Encryption (\(q_je_jq\)), robust authentication (\(qje_jk^1\)), and real-time identifying threats (\(qje_jk^2\)) are created by the interaction between the encrypted data (\(\forall _1Q\)) and the cryptographic protocols (\(JE_wj\)). With respect to privacy and security in communication over V2X and \(i_1\left(\partial _1Q_qrc\right)\) for VANETs, Eq. (1) sums up the holistic approach of ML-CPIDS.

$$\forall _p\left(q+p\right)= i_2 (qje_jk^1|\left|qje_jk^2\right)Q_qrc+ Z_jk\left(m+qr\right)$$

(2)

In Eq. (2), (\(qje_jk^1|\left|qje_jk^2\right)\) is integrated with the data value (\(Q_qrc\))5. It emphasizes how these components work together to improve security by integrating cryptographic power (\(Z_jk\)) and the ability to identify threats in real time and by guaranteeing the safe processing of each data point (\(m+qr\)).

$$\left(\sum_j=1^p\left(\forall _j+\partial _np\right)\right)+Q=\left(\sum_j=1^p\left(\propto _j+j_2\right)+\left(qje_jk^1|\left|qje_jk^2\right)\right)Q_qrc\right)$$

(3)

When the element \(Q\) is combined with the Eq. (3) term, which represents various security parameters (\(\forall _j+\partial _np\)), the result is an improvement in the detection of threats \(\propto _j+j_2\) and responses.

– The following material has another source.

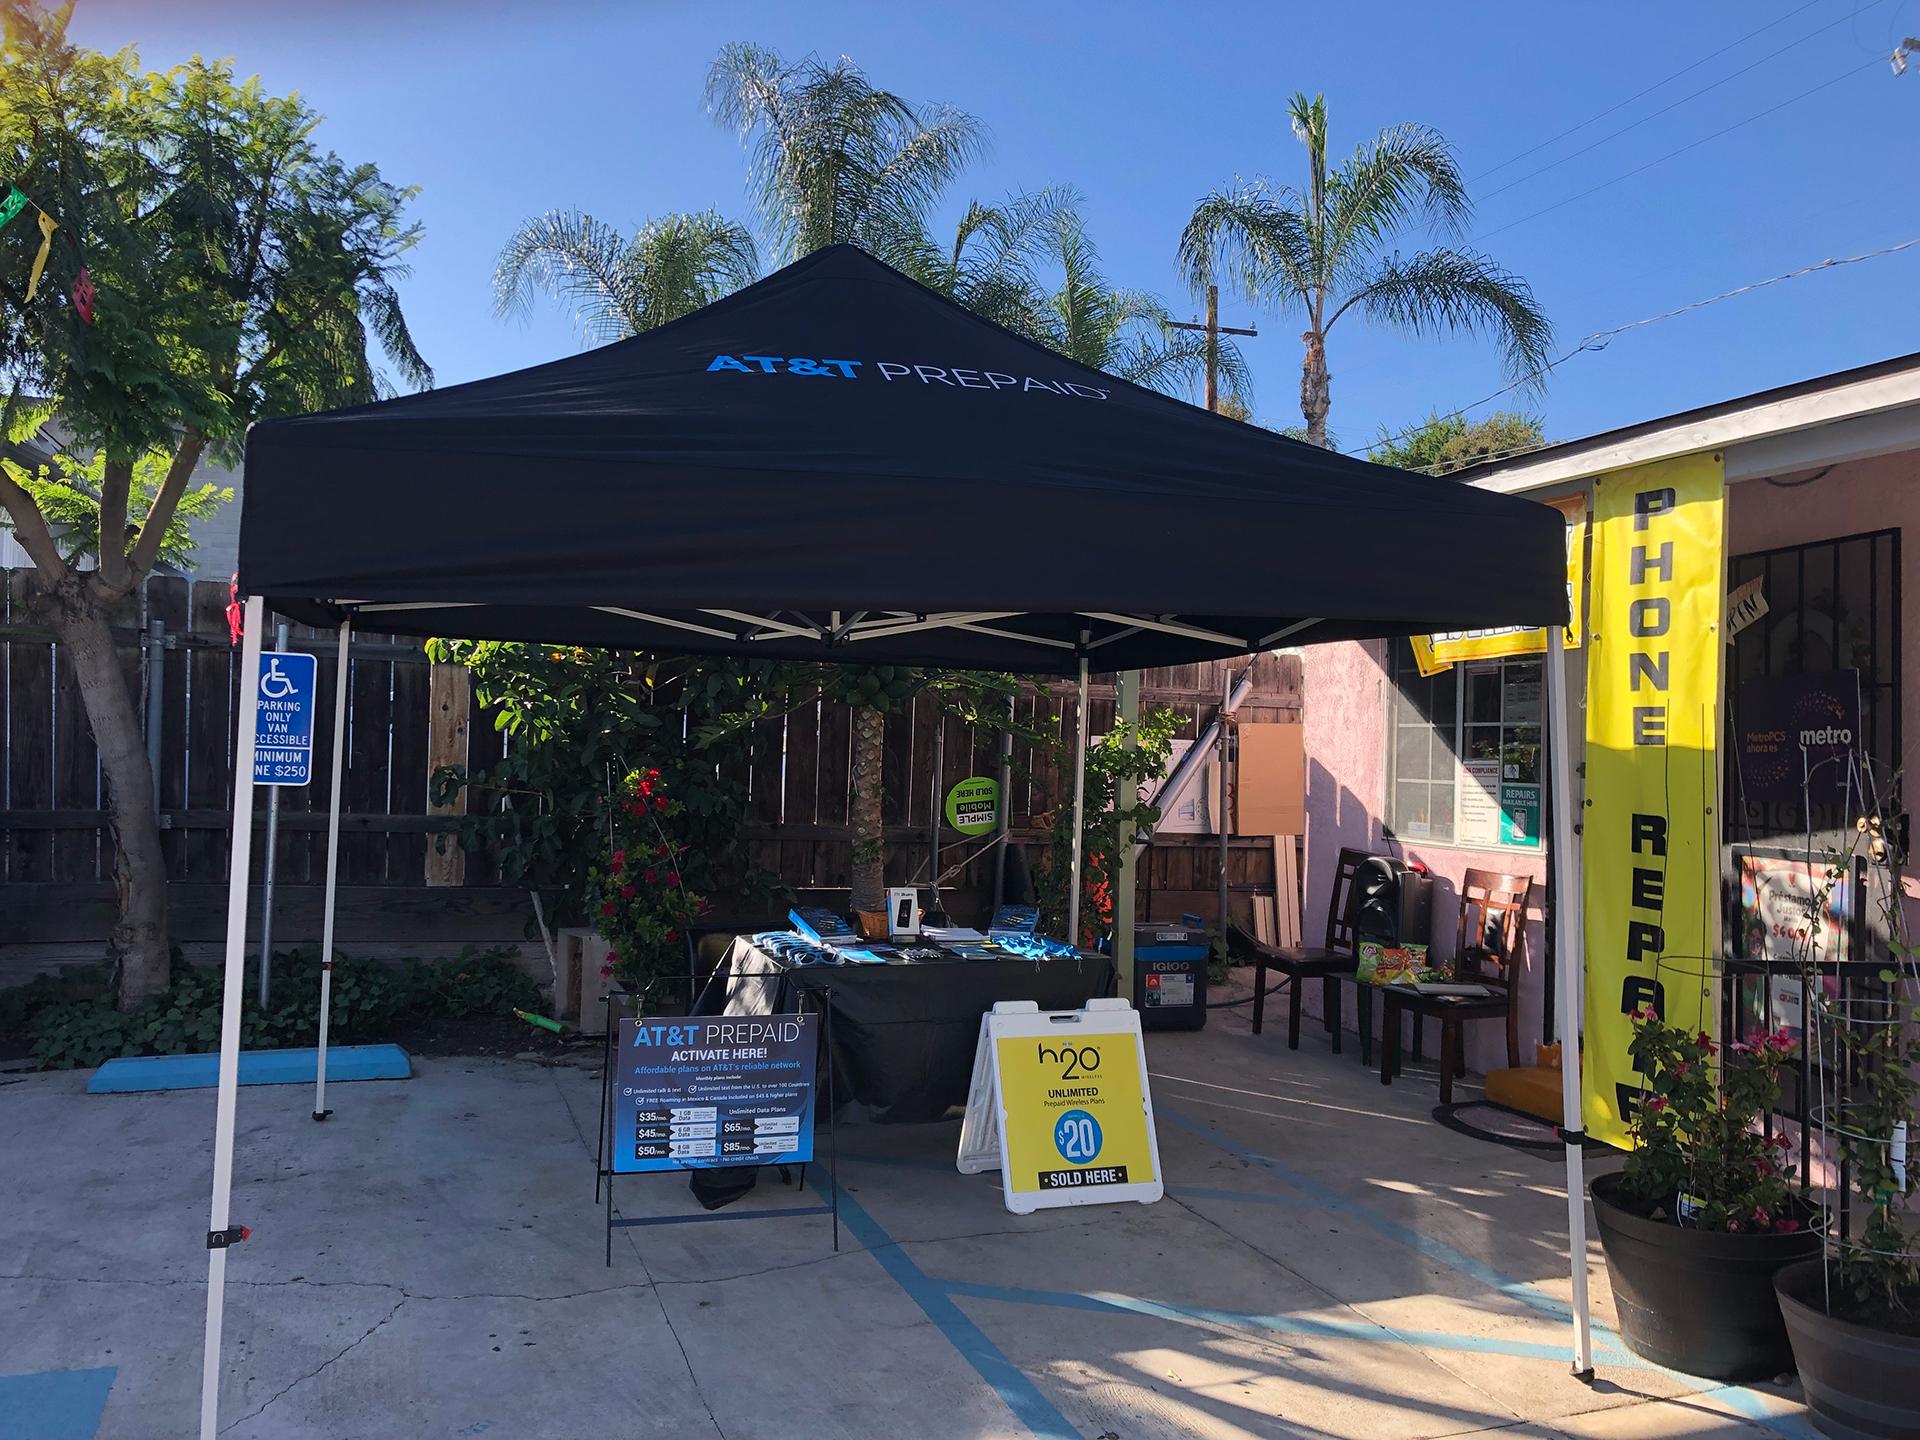 Empower Retailer Solutions Wireless Dealer promo events

The integration of (\(Q_qrc\)) and cryptographic protocols (\(\left(qje_jk^1|\left|qje_jk^2\right)\right)\))) guarantees complete privacy and security in V2X communication for VANETs.

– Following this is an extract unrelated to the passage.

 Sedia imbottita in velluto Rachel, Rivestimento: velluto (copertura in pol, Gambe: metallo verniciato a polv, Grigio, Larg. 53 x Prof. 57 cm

$$\beta _nj. Q= i_j,2 Q_yrc+\left(\alpha _njQ-j_j,2Q-Q_qrc\right)= \alpha _njQ$$

(4)

The proposed intrusion detection method employs a machine learning algorithm that encompasses several key stages: data collection, feature extraction, and hashing for message authentication. To improve the efficiency of detecting and reducing possible risks in the network, trust calculation, training, and intrusion detection functions are also combined in the algorithm. An overview of the algorithm is given in Algorithm 1.

This approach begins with data collection and simulation of messages from vehicles tagged as normal and malicious. After that, the feature extraction identifies the required properties such as the timestamp and signal strength and the occurrence of the binary label on the messages. A hashing function is used for the authentication of the messages. Indirect trust calculation is used to estimate the involved trust levels among observers, whereas position closeness is used to evaluate the closeness of the nodes. The training data are split into training and fitting a model for machine learning. The communication cost is computed for data transfer, which leads to intrusion detection, where the model predicts anomalies in incoming data.

Algorithm 1
figure a

Process of proposed method using machine learning.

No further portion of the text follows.